Final Analysis: Is Gold a Catalyst in Cross-Coupling Reactions in the Absence of Palladium?
Final Analysis: Is Gold a Catalyst in Cross-Coupling Reactions in the Absence of Palladium?
In the last decade gold has emerged as a kind of “philosopher's stone” in catalysis, being able to promote a bewildering variety of transformations, including cross-coupling reactions for the formation of carbon–carbon bonds. These highly useful transformations were developed in part by the 2010 Nobel Prize awardees Richard Heck, Ei-ichi Negishi and Akira Suzuki (1) and with contributions from many other research groups. Recently, there has been some question over whether gold can catalyse these reactions which have been traditionally catalysed by palladium complexes.

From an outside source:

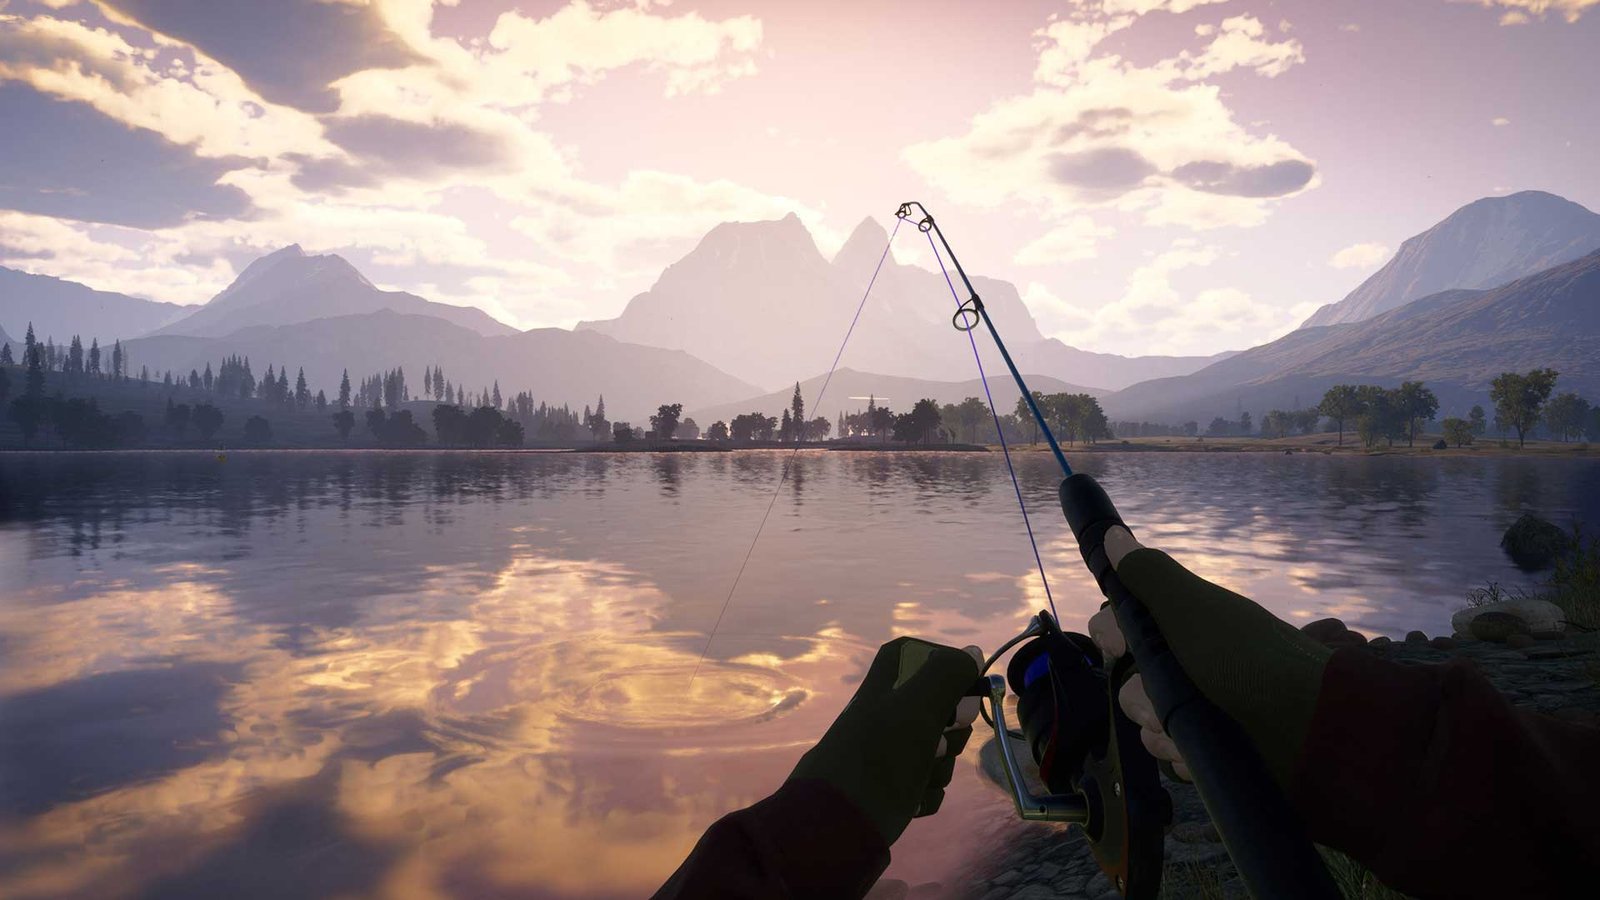 Call of the Wild: The Angler brings co-op fishing to PC first in August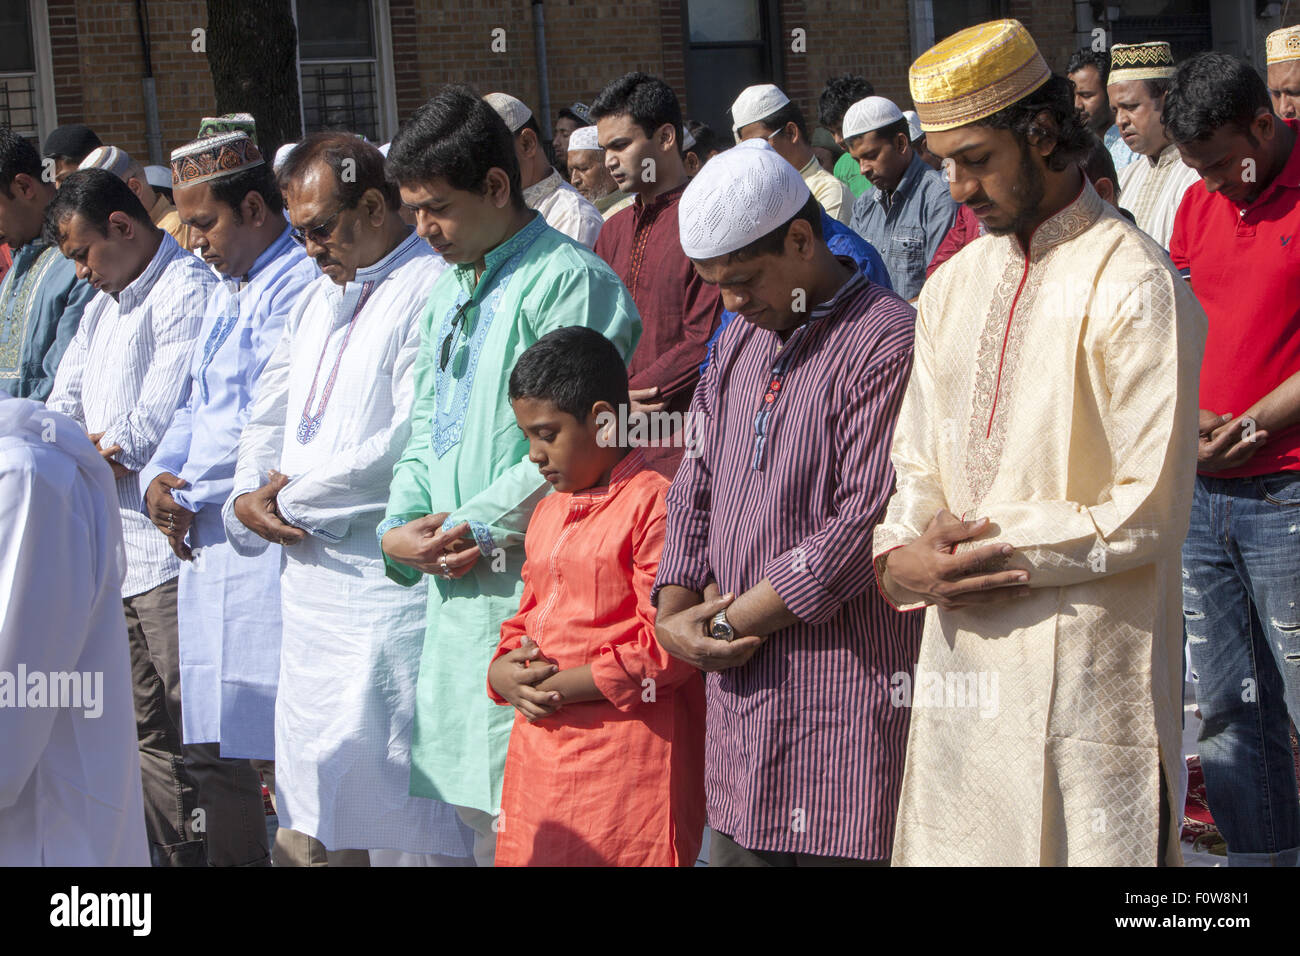 Muslims pray outside a mosque in Kensington, Brooklyn, NY for 'Eid al-Fitr.' The holiday,celebrated around the world, marks the Stock Photo

In 2007, Corma's research group published a paper with the suggestive title ‘Catalysis by Gold(I) and Gold(III): A Parallelism between Homo- and Heterogeneous Catalysts for Copper-Free Sonogashira Cross-Coupling Reactions’ (2). This work stressed the similar behaviour of well-known homogeneous gold(I) complexes such as AuCl(PPh3) with that of heterogeneous gold on ceria (Au/CeO2) as catalysts for the Sonogashira coupling reaction. In addition to AuCl(PPh3), a trinuclear Au(I) complex was also claimed to be a catalyst for this reaction (Scheme I) (2–6). These homogeneous gold(I) catalysts were also reported to catalyse the Suzuki coupling of iodobenzenes with arylboronic acids (5, 6).
Traces of Palladium
Nevertheless, from a practical perspective, it is important to note that all these reactions proceeded only under much harsher conditions (130°C in o-xylene) (2–6) than those required with palladium catalysts. Moreover, only the most reactive iodobenzenes were used as the coupling partners. Another group reported that gold(I) iodide in the presence of mono- or diphosphines as ligands acted as a catalyst for the Sonogashira coupling of iodo- and activated bromobenzenes under similar conditions (130°C in toluene) (7).

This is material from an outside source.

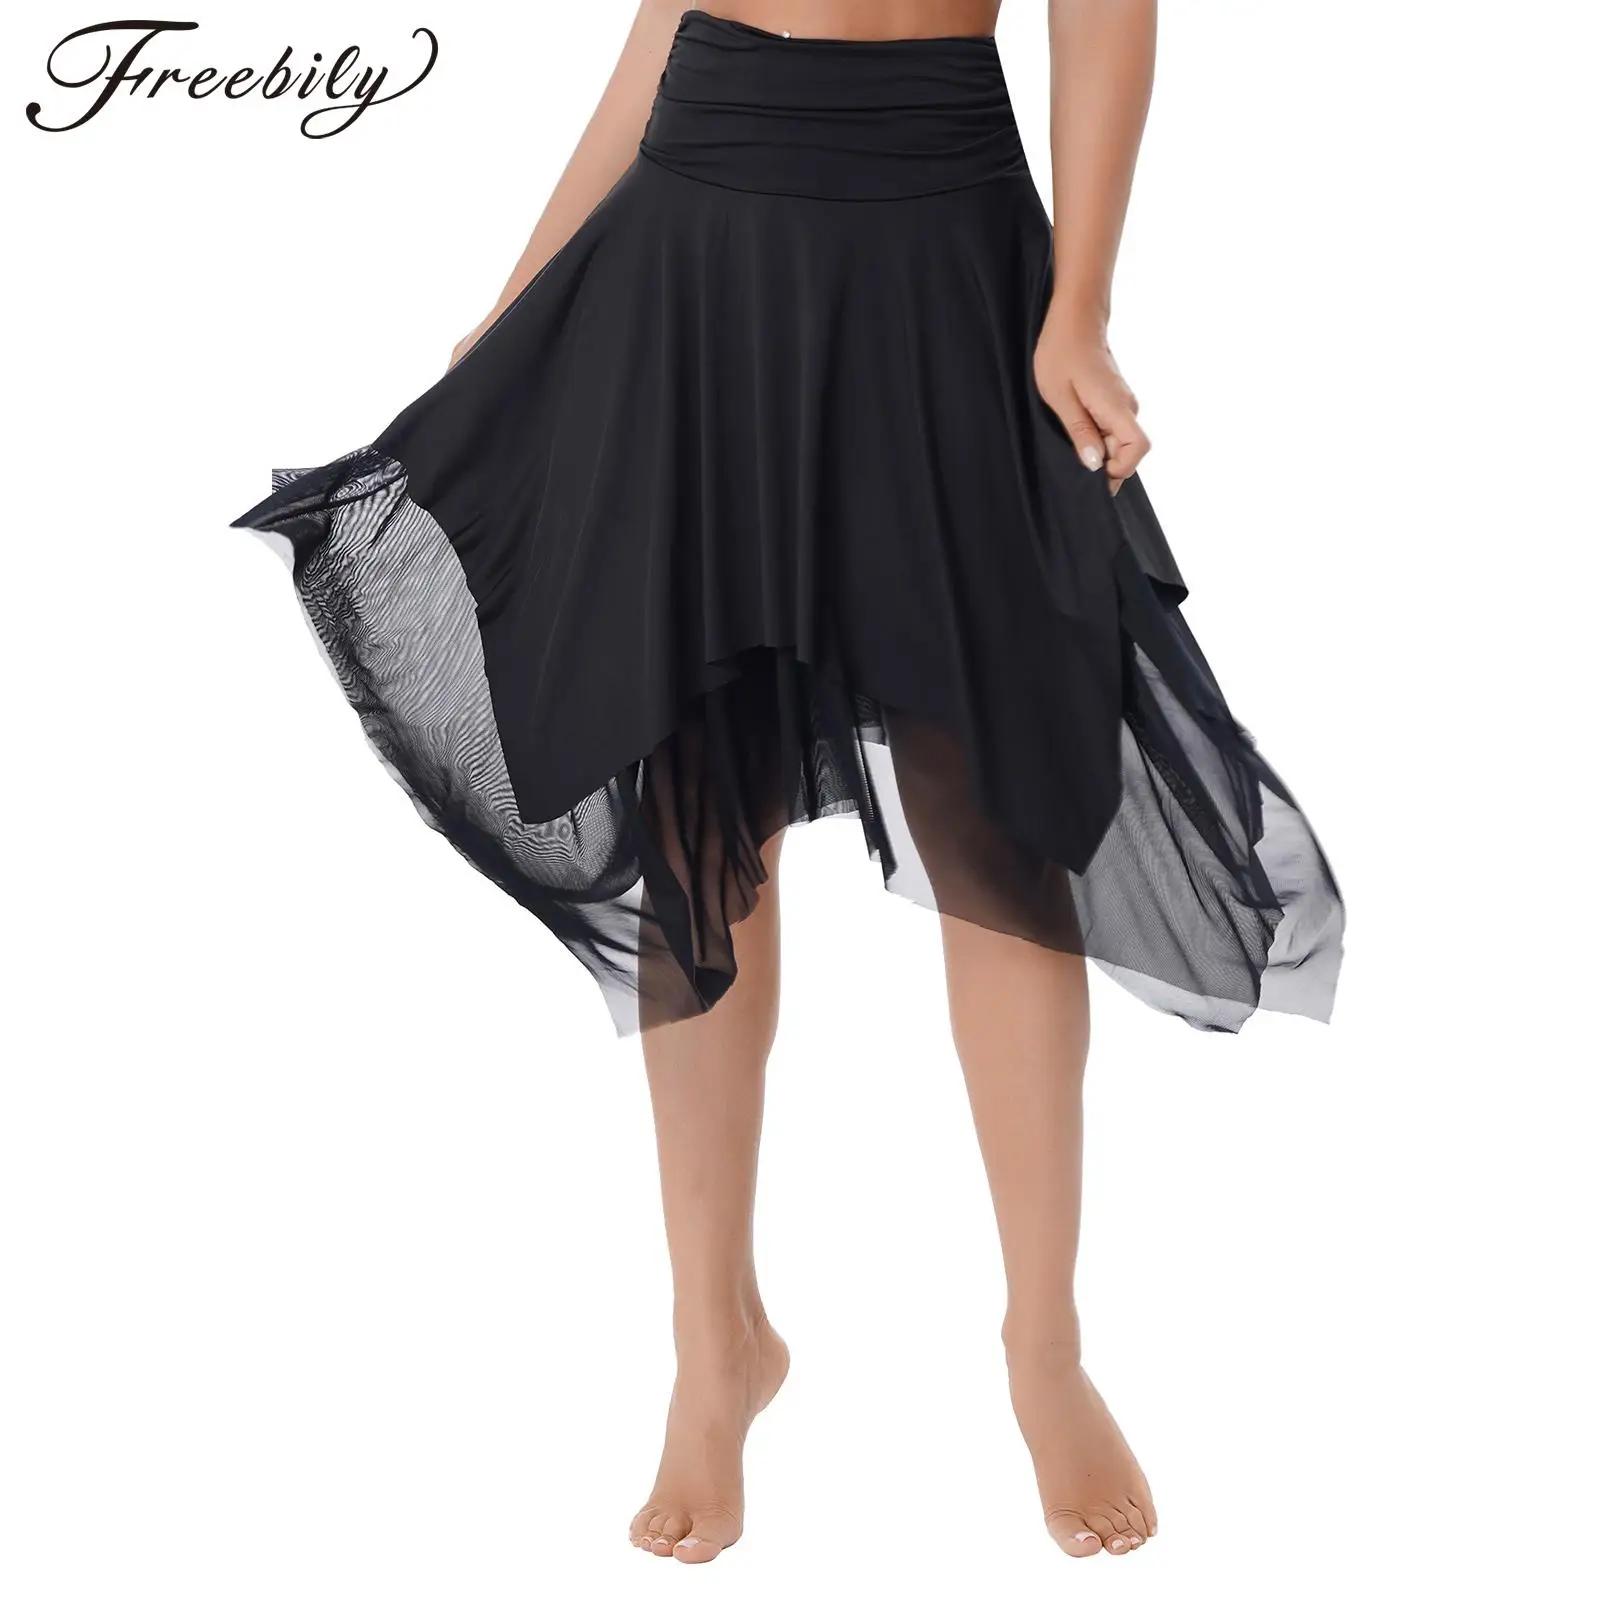 

Womens Pure Black Ruffled 2 Layers Mesh Breathable Lyrical Dance Skirts Ruched Waistband Asymmetrical Hem Skirts for Belly Dance

A central argument behind the development of gold catalysts for cross-coupling chemistry was that “Au(I), having the same d10 configuration as Pd(0) can catalyse reactions typically catalysed by palladium” (2–6). However, this is a rather simplistic argument, since even elements within the same group often behave very differently in catalysis.
The first step in the catalytic cycle of haloarene coupling reactions is the oxidative addition of aryl halides (ArX) to the metal catalyst. Thus, for a gold-catalysed reaction of ArX with a catalyst AuX(L) (L = ligand), a square planar Au(III) complex AuArX2(L) would be formed. There is no report for such oxidative addition. In fact, our preliminary results are pointing towards high activation barriers for these types of transformations and all our attempts to carry out the oxidative addition of a variety of iodobenzenes to AuCl(PPh3) and other Au(I) complexes in a variety of solvents led to complete recovery of the staring materials (8). This is in sharp contrast to the behaviour of PdL4 or Pd2(dba)3 + L systems, which react readily with aryl halides to give complexes PdArX(L)2. Furthermore, we failed to observe any coupling reaction between iodobenzene and phenylacetylene catalysed by gold iodide and 1,2-(diphenylphosphino)ethane. Finally, we examined a possible Sonogashira coupling proceeding via a gold(I) acetylide (Scheme II), which also met with failure.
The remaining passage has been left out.